The Initial Referral to the Multi-Disciplinary Team form and Child Study Team Referral Form have differences and similarities that act as their strengths and weakness when comparing them. The information needed for the Initial Referral to the Multi-Disciplinary Team Form is more detailed than that of the Child Study Team Referral Team. For instance, while the former explores the student’s background information by examining aspects such as education, family history, and home, the latter does not include the said information. The initial referral form is detailed on the employed interventions as it undertakes a cognitive and achievement assessment. However, the child study team document only has assessments examining the students’ academic and behavioral characteristics. However, the two documents are similar. The duo includes the reasons for referral. Also, they include factors necessitating the students’’ recommendation to the team. These factors are such as reading skills and comprehension.

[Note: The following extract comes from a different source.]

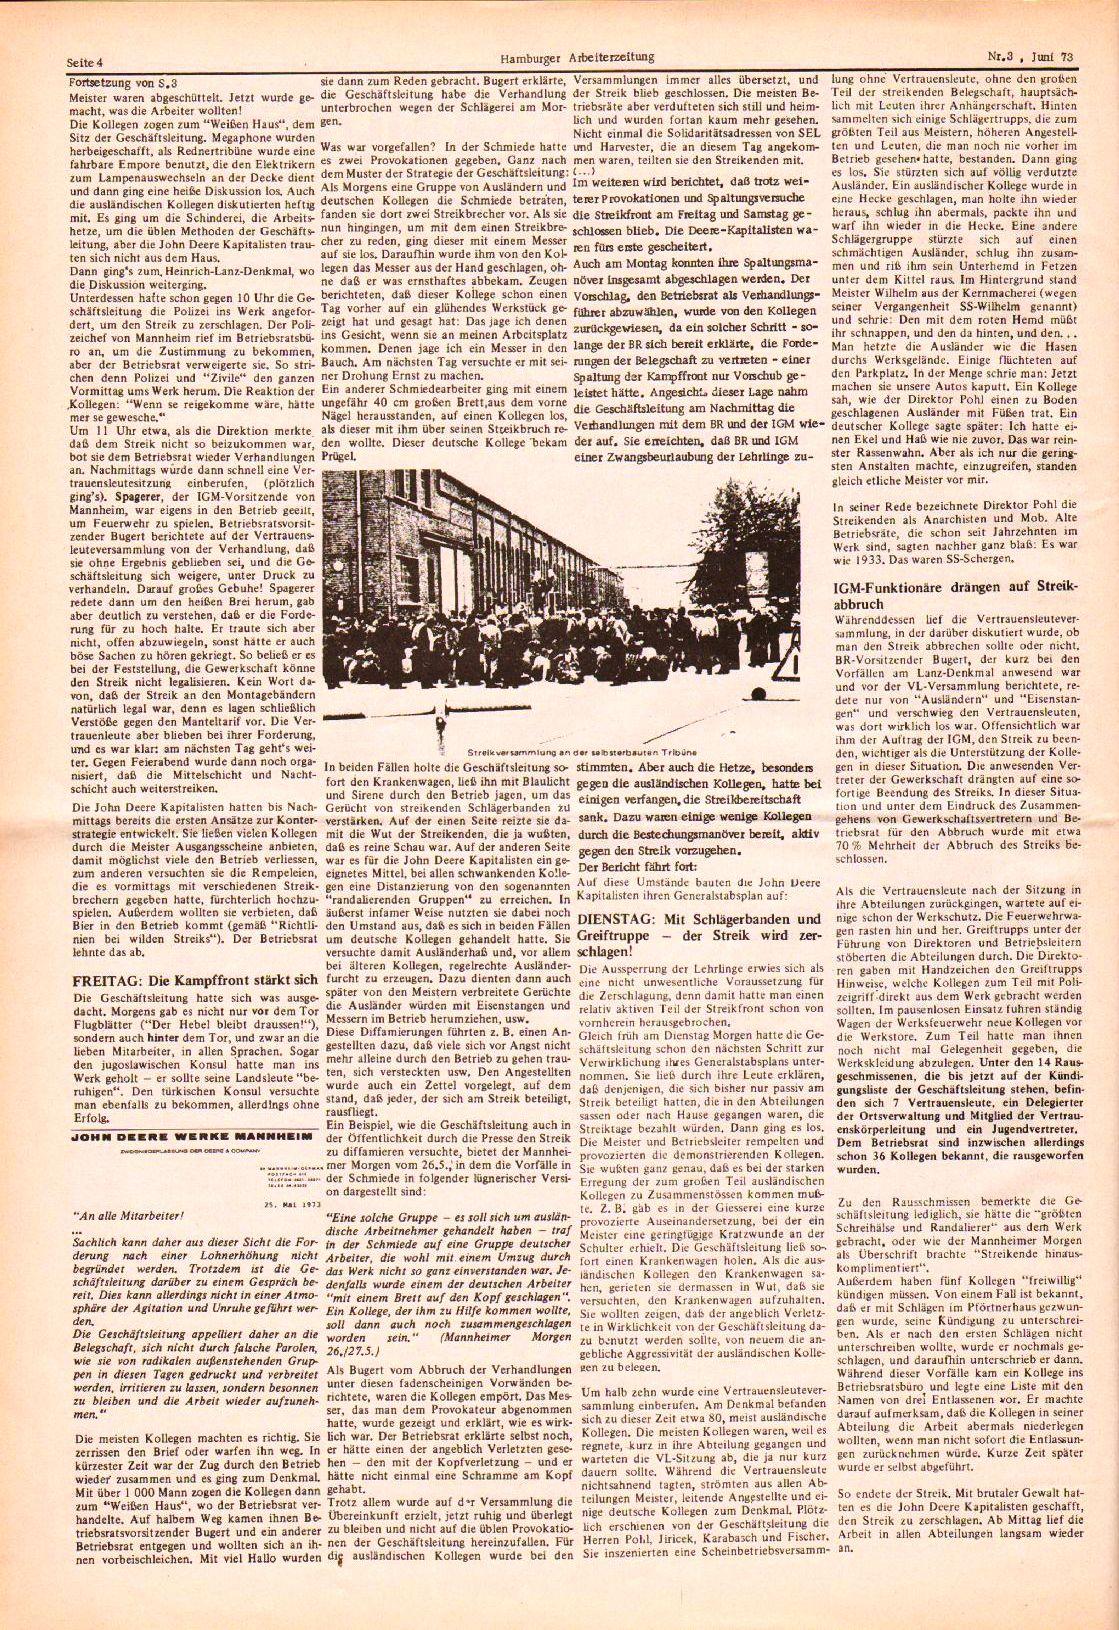 Hamburger_Arbeiterzeitung052

Information from the assessment is complicated, and Manuel and his parents may not understand. As such, I would need to interpret the results of the assessment in simple and understandable language. I would also avoid the use of jargon and difficult terms to ensure they understand. Their understanding of the information ensures their facilitation in the employed strategies. I would be the one doing the explanation due to my experience in undertaking assessments and explaining them. The different results always have different things to say about the students. The other results I have garnered in the different assessments always had a unique message they send. In my experience, I offer individualized experience, depending on the unique needs of the students.